Personal information
- Full name: Amos-Leonard Boon Hock Chye
- Date of birth: 12 July 1972 (age 53)
- Place of birth: Singapore
- Height: 1.72 m (5 ft 8 in)
- Position: Goalkeeper

Team information
- Current team: Woodlands Wellington
- Number: 1

Senior career*
- Years: Team / Apps / (Gls)
- 1996–1998: Tanjong Pagar United / 3 / (?)
- 1999–2003: Marine Castle United / 143 / (0)
- 2005–2006: Home United / 3 / (0)
- 2006–2007: Sengkang Punggol / 45 / (0)
- 2008: Geylang United / 23 / (0)
- 2009–2010: Sengkang Punggol / 18 / (0)
- 2011: Woodlands Wellington / 8 / (0)

Managerial career
- 2016-2022: Singapore Cricket Club (Men's & Women's)
- 2023-present: Eastern Thunder FC

= Amos Boon =

Singaporean footballer (born 1972)

Amos Leonard Boon Hock Chye (born 12 July 1972) is a former goalkeeper who last played for Woodlands Wellington in the 2011 S-League season. He was retired professionally at the end of the season.

Boon is a former Singapore youth international and Combined Schools player. He has also represented Singapore in the Tiger 5 Futsal tournament playing against the likes of Brazil.

Boon is currently the head coach of Eastern Thunder FC Women's team.

==Football career==
Boon started his S.League career with Tanjong Pagar United in 1996, which he stayed for three years. He then moved to Marine Castle United for five years.

He had a brief stint at Home United for two years where he played against the likes of Selangor (Malaysia), Valencia FC (Maldives) and Happy Valley (Hong Kong) in the AFC Cup, before returning to Sengkang Punggol. He played for 7.5 years with Sengkang Punggol before joining Geylang United for the 2008 season. Many fans were shocked at the move as it was speculated that he would stay at Sengkang and end his career at the Hougang Stadium.. He returned to Hougang United for another two years before ending his career at Woodlands Wellington in 2011.

In 2016, Amos joined the management team as a coach at Singapore Cricket Club (SCC).

In 2019, Amos was nominated for NFL Division Two Coach of the Year after bringing SCC to a 4th position in the league. SCC was knocked out on the third round of the FA Cup.

In 2022, he led the SCC Men's team back to 2023 Singapore Football League (SFL) 1 by finishing 2nd, and also winning honours for SCC Women's team in the SCC7's and SportCares Y10 League.

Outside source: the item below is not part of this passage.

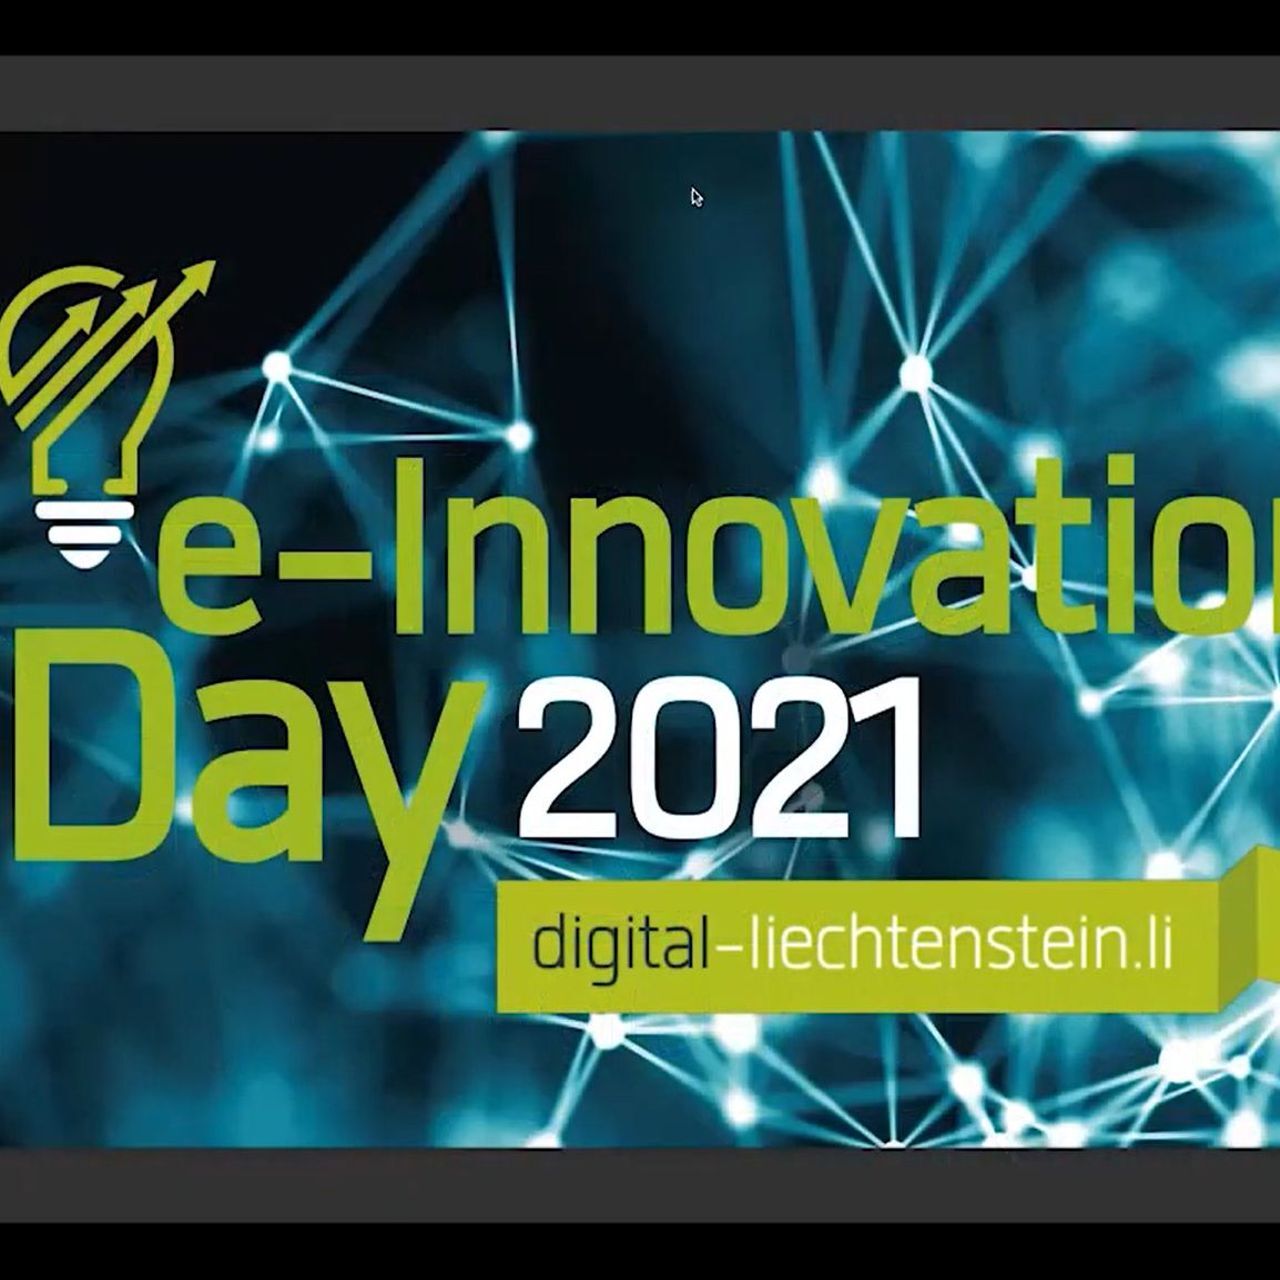 e-Innovation Day: 웨비나 'e-Innovation' Liechtenstein 2021의 초기 프레임

On 30 November 2022, Amos tendered his resignation for both the Women's and the Men's teams.

In 2023, the former S-League goalkeeper was approached to join Admiralty FC as part of its rebranding. Admiralty (Women's team), formed by Eastern Thunder, participated in Women's National League. They will be participating in the 2024 season under Eastern Thunder FC.

In 2024, Boon lead Eastern Thunder to the 4th placing during the league phase of the Women's National League, qualifying for the knockout phase. Eastern Thunder eventually claimed 2nd place after losing to Mattar Sailors 2-1 in the Final. Boon went on to win the Coach of the Year during the Amateur Leagues Awards Night 2024.

==Wakeboard career==
During recovery from an injury in 1999, Boon started wakeboarding. In 2002, Boon became a member of the national wakeboarding team.

In 2003, Boon became the president of the Wakeboard Association (Singapore).

In 2004, Boon participated in the Asian X Games in wakeboarding and reached the semi-finals.

Boon also co-founded a wakeboarding school, Launch Wakeboard School.

==Professional career==

In 2006, Boon started Launch Group, an events management agency, initially organising wakeboarding events. The company eventually change to manage artists, product launches, local and overseas conferences.

Boon filed for bankruptcy in October 2022.